### WHAT YOU WILL DO
The listing is to be transcribed in full, with its images left out.

### GIVEN MATERIAL
● ● ● ●

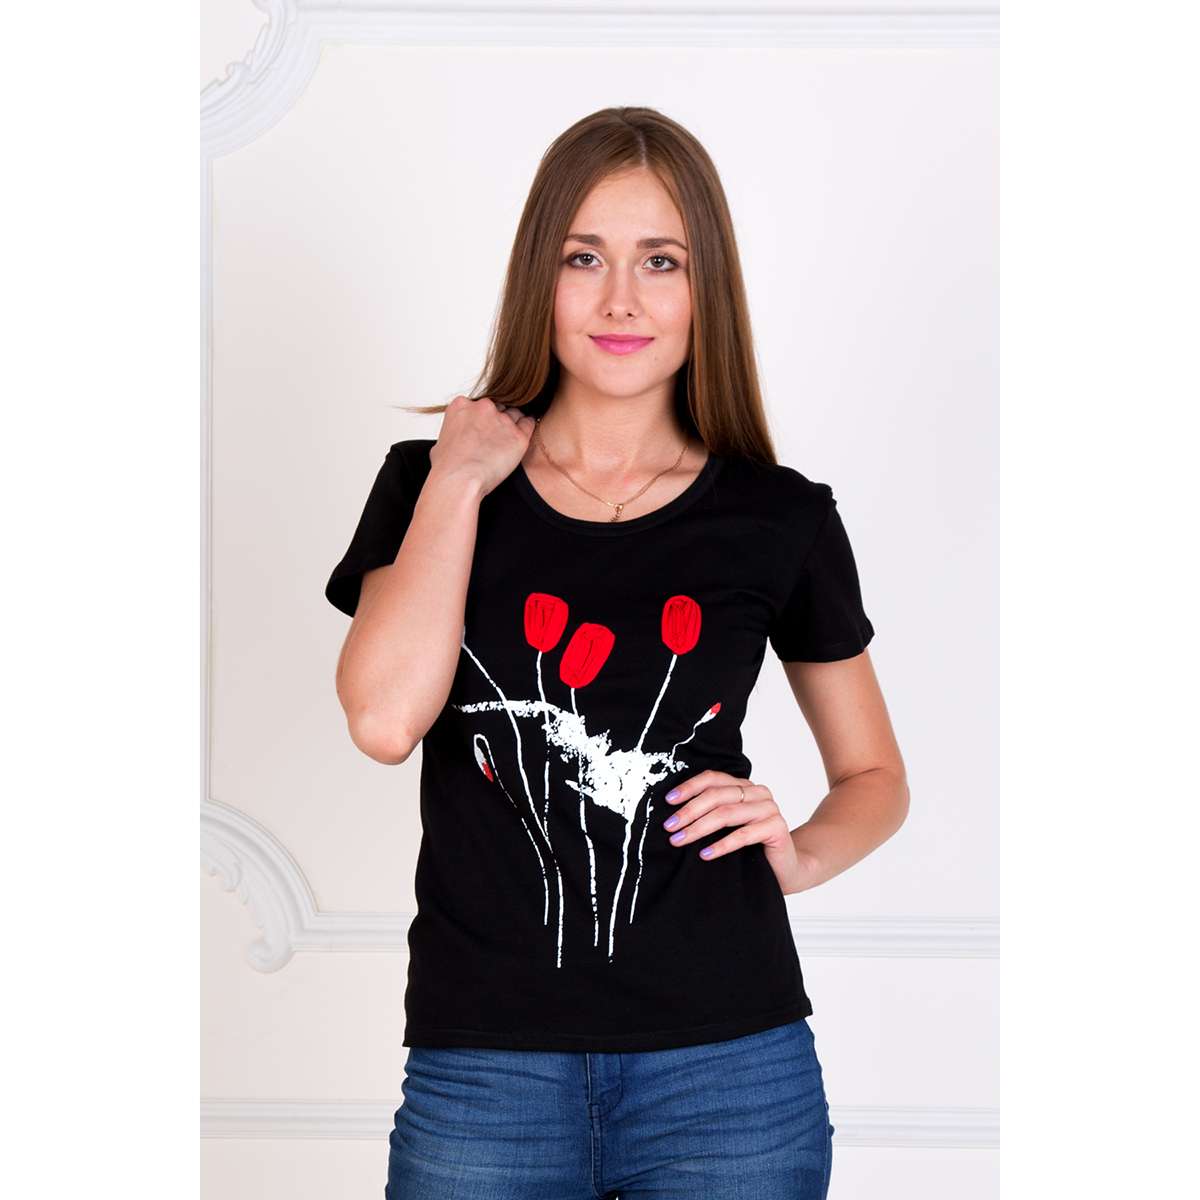 Женская футболка Маки, размер 46Майки и футболки<br>Обхват груди: 92 см <br>Обхват талии: 74 см <br>Обхват бедер: 100 см <br>Рост: 167 см<br><br>Тип: Жен. футболка<br>Размер: 46<br>Материал: Кулирка
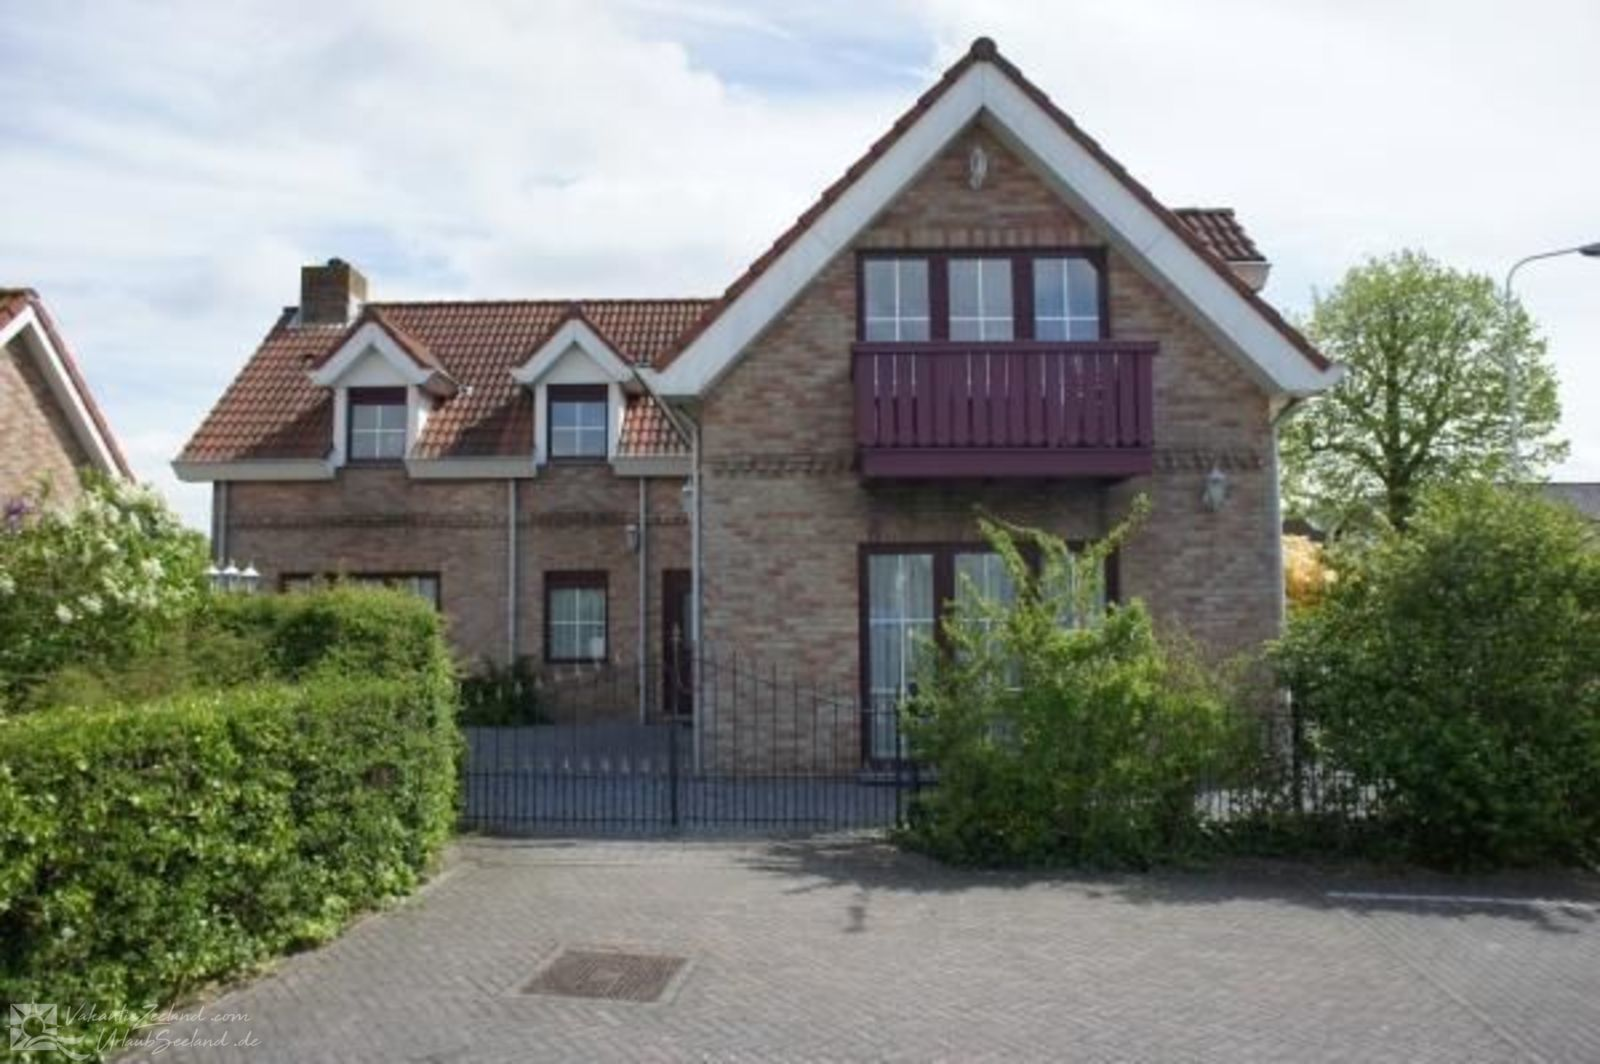 VZ024 Atelierwohnung in Groede
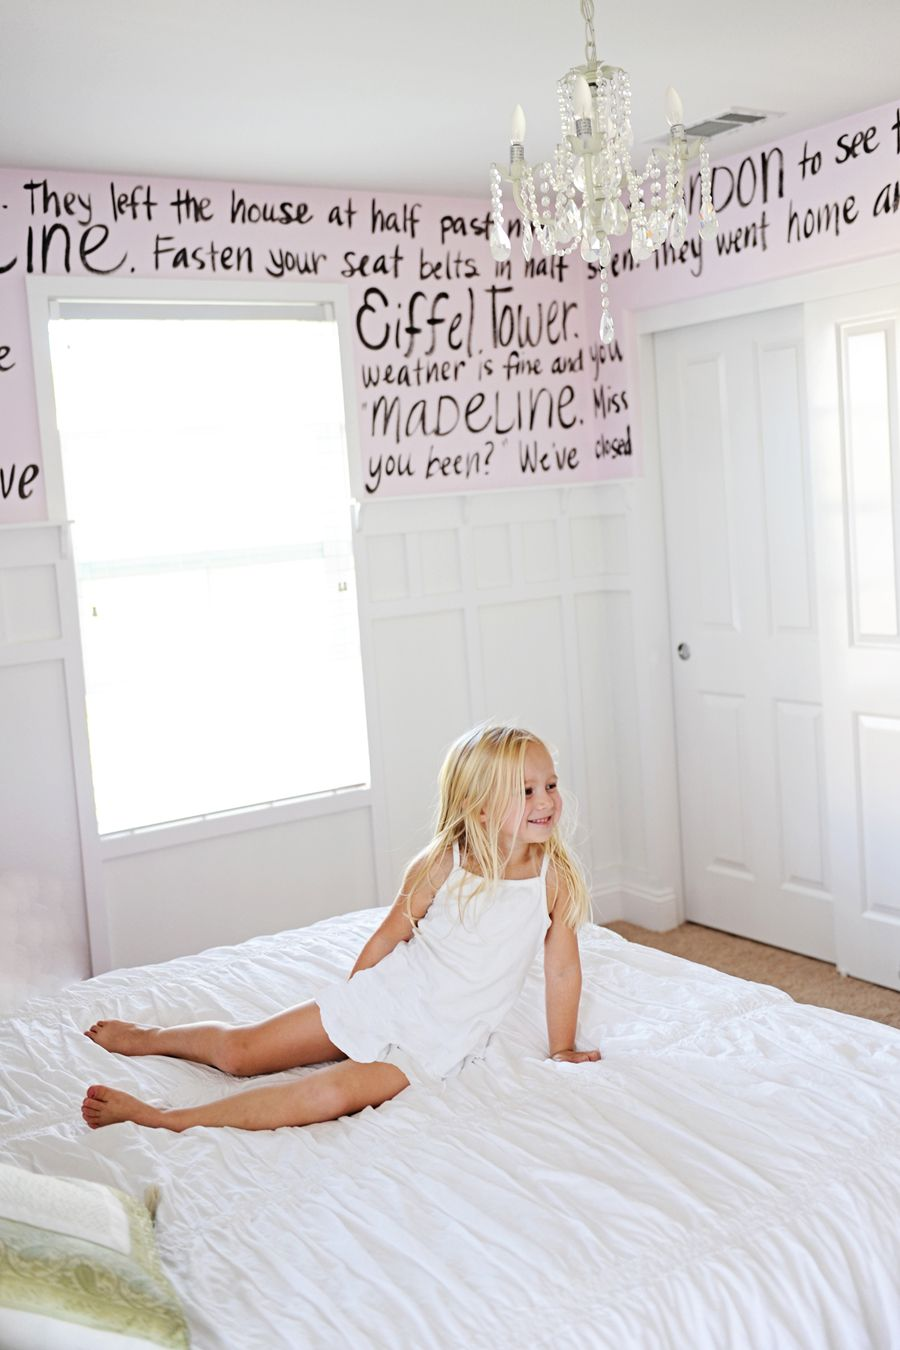 Interior Design Little Girls Bedroom Full Of Whimsy Do It Yourself Entertain Fun Diy Party Craft Ide Childrens Room Decor Little Girl Bedroom Tween Room

● ● ● ●

### SOLUTION TO THE EXERCISE
 Женская футболка Маки, размер 46Майки и футболки<br>Обхват груди: 92 см <br>Обхват талии: 74 см <br>Обхват бедер: 100 см <br>Рост: 167 см<br><br>Тип: Жен. футболка<br>Размер: 46<br>Материал: Кулирка
 VZ024 Atelierwohnung in Groede
 Interior Design Little Girls Bedroom Full Of Whimsy Do It Yourself Entertain Fun Diy Party Craft Ide Childrens Room Decor Little Girl Bedroom Tween Room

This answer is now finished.